Через короткое время, может быть, даже в тот же день, я, как обычно, ухожу на чердак слушать христианские радиопередачи. Я уже настолько привык к моему старенькому, со сломанным указателем частоты, приемнику, что узнаю станции в темноте по шумам глушилок и позывным.
В этот вечер я опять слушаю передачи из Монте-Карло. Проповедует Ярл Николаевич Пейсти. После своего обычного, очень бодрого, приветствия он задает радиослушателям вопрос: «Зачем, думаешь ты, Бог посадил в саду Эдемском дерево познания добра и зла?» У меня аж дыхание перехватило и по спине мурашки пошли от такого явного ответа Господа на вопрос моего друга.
Ярл Пейсти объясняет, что есть принципиальная разница между невинностью и святостью. Испытанная свободой невинность становится святостью. Бог дал нам свободную волю, которую очень уважает, так как дал человеку возможность общения с Собой, святым Богом. Но Он желает общения с равными Себе, со святыми. Он желает иметь дело с добровольцами. Иметь или не иметь общение с Богом — твой выбор, как и выбор первого человека. Бог для того посадил это дерево, чтобы все человечество имело возможность сделать выбор. Но выбор наш не в том, есть или не есть с дерева познания, — этот вопрос решили за нас наши предки, — а в том, принимаем ли мы святость, обретенную для нас Иисусом Христом на кресте, где Он умер за все наши грехи, или отвергаем, основывая нашу жизнь на собственной философии или религиозных воззрениях. Этот выбор определяет наши отношения с Богом и, таким образом, наше местопребывание в вечности.

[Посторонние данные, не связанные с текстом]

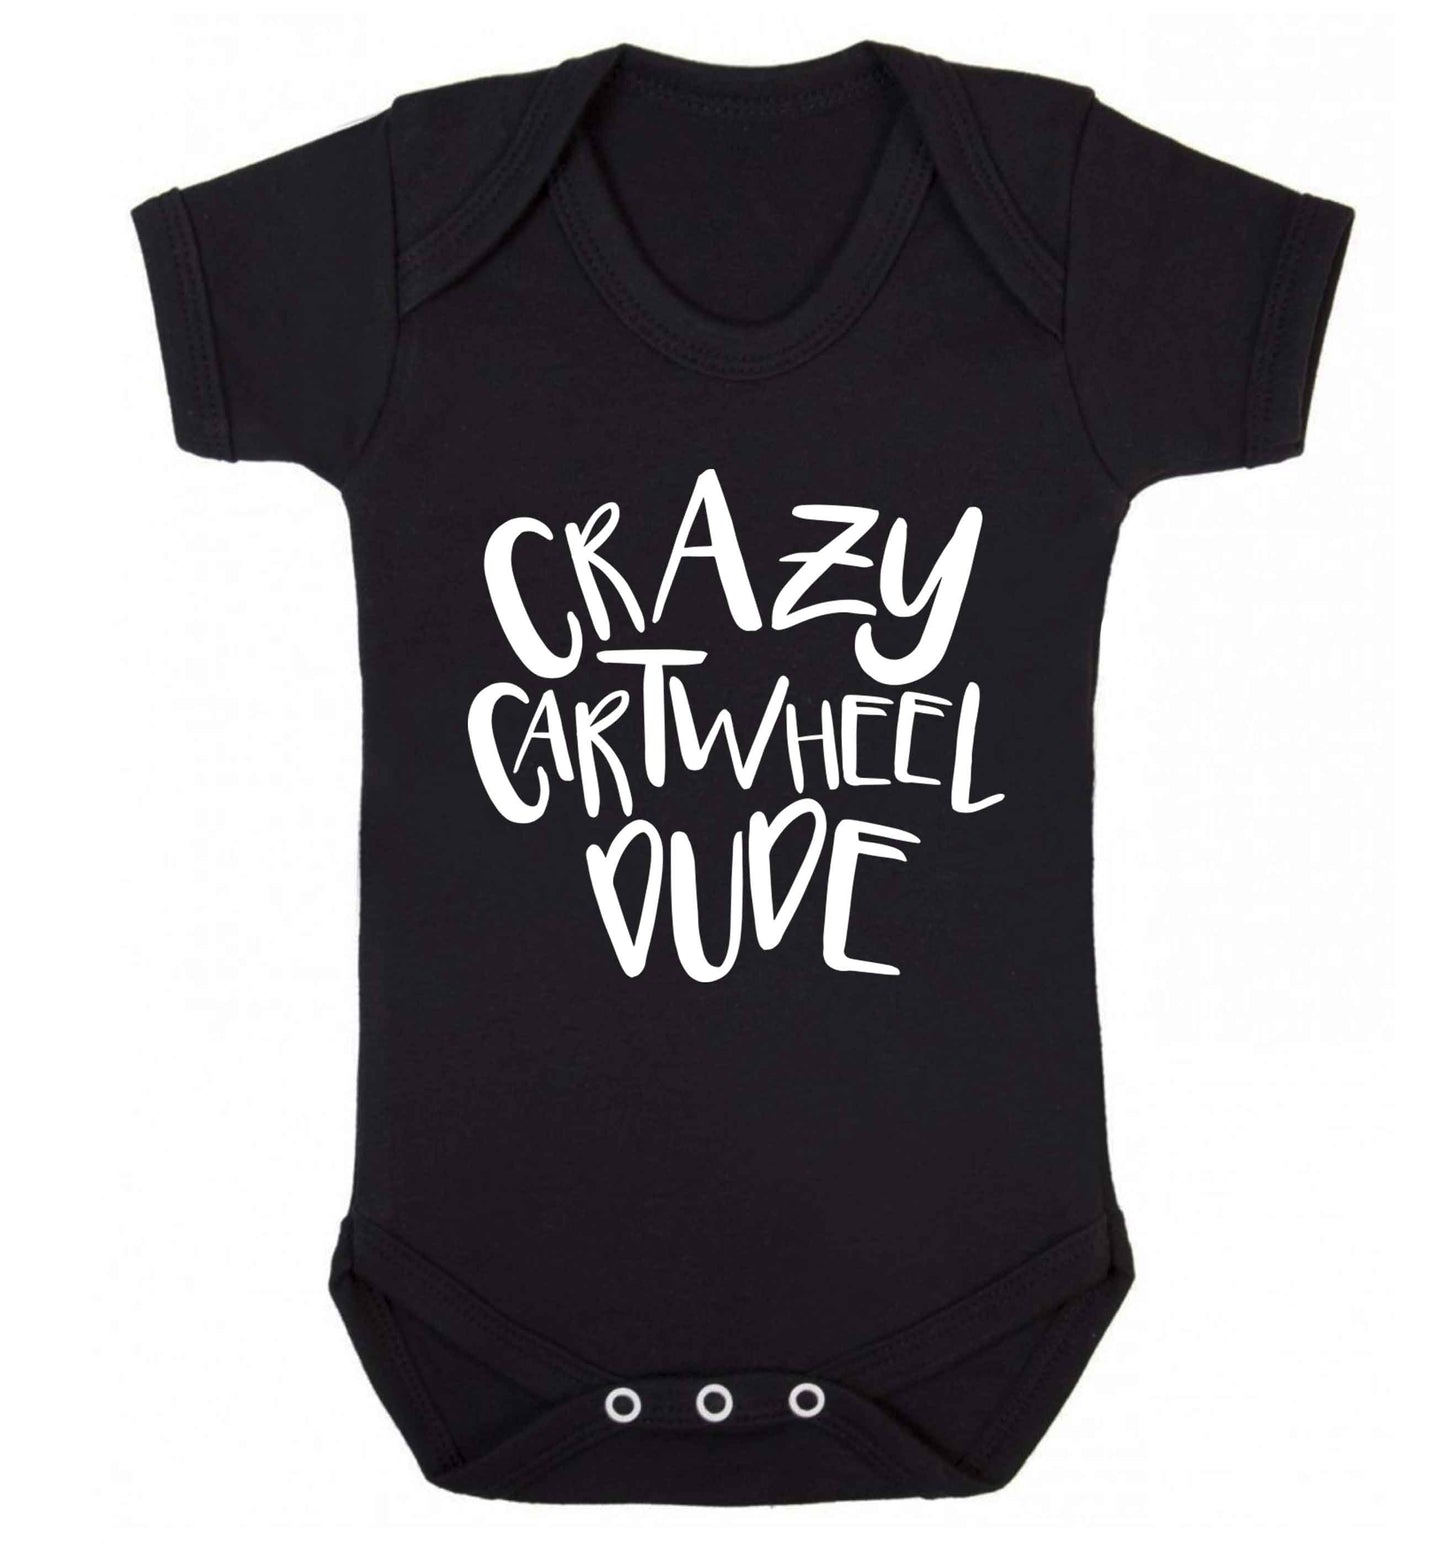 Crazy cartwheel dude Baby Vest black 18-24 months

Я пересказал проповедь Меелису. Мне кажется, что факт получения ответа от Самого Бога таким удивительным образом произвел на него большее впечатление, чем богословское объяснение вопроса, зачем Бог посадил в саду Эдемском дерево познания.
ПОДВОДНЫЕ КАМНИ
— Товарищ старшина, можно мне лечь спать?
— Ложись.
Я лежу в темной казарме и пытаюсь уснуть. Еще рано. Мне ничего не мило, я ничего не хочу ни видеть, ни слышать.
Для меня стало частью моей духовной жизни, что во время молитвы мне на глаза наворачиваются слезы, что во время чтения Священного Писания какой-то текст особым образом касается моего сердца, что при воспоминании о церкви я умиляюсь. И вдруг все это исчезло. Как обрезало. И все потеряло смысл. Я иду на улицу молиться, становлюсь прямо в снег и кричу к Богу. Я жду Его прикосновения, я жду, чтобы Он коснулся моего сердца, а небо кажется мне медным, темным и немым, и молитвы мои уходят в никуда. Я в отчаянии. Я пишу письма домой, моим друзьям и родным, чтобы они продолжали усиленно молиться обо мне. Я в опасности.
Я стою на посту перед обитой металлом дверью. За ней — какое-то секретное отделение. На металлической двери кто-то накарябал ругательства, определив свое отношение к службе в армии. Я отстегиваю штык и тщательно, большими четкими буквами, вывожу посреди двери на уровне глаз «Бог есть любовь». На душе стало немного легче, но ненадолго.
Однажды вечером я поднялся на свой излюбленный чердак расположенной буквой «Г» казармы. Достаю из-под половицы радиоприемник, который я купил у одного из дембелей за тридцать рублей, то есть за почти годовую зарплату матроса, и ищу свои любимые позывные.
Я давно не слушал передачи Трансмирового радио из Монте-Карло, не знаю, сохранили они свои позывные или нет. Они еще и сейчас, более чем тридцать лет спустя, звучат в моих ушах. Есть в них что-то таинственное и призывное.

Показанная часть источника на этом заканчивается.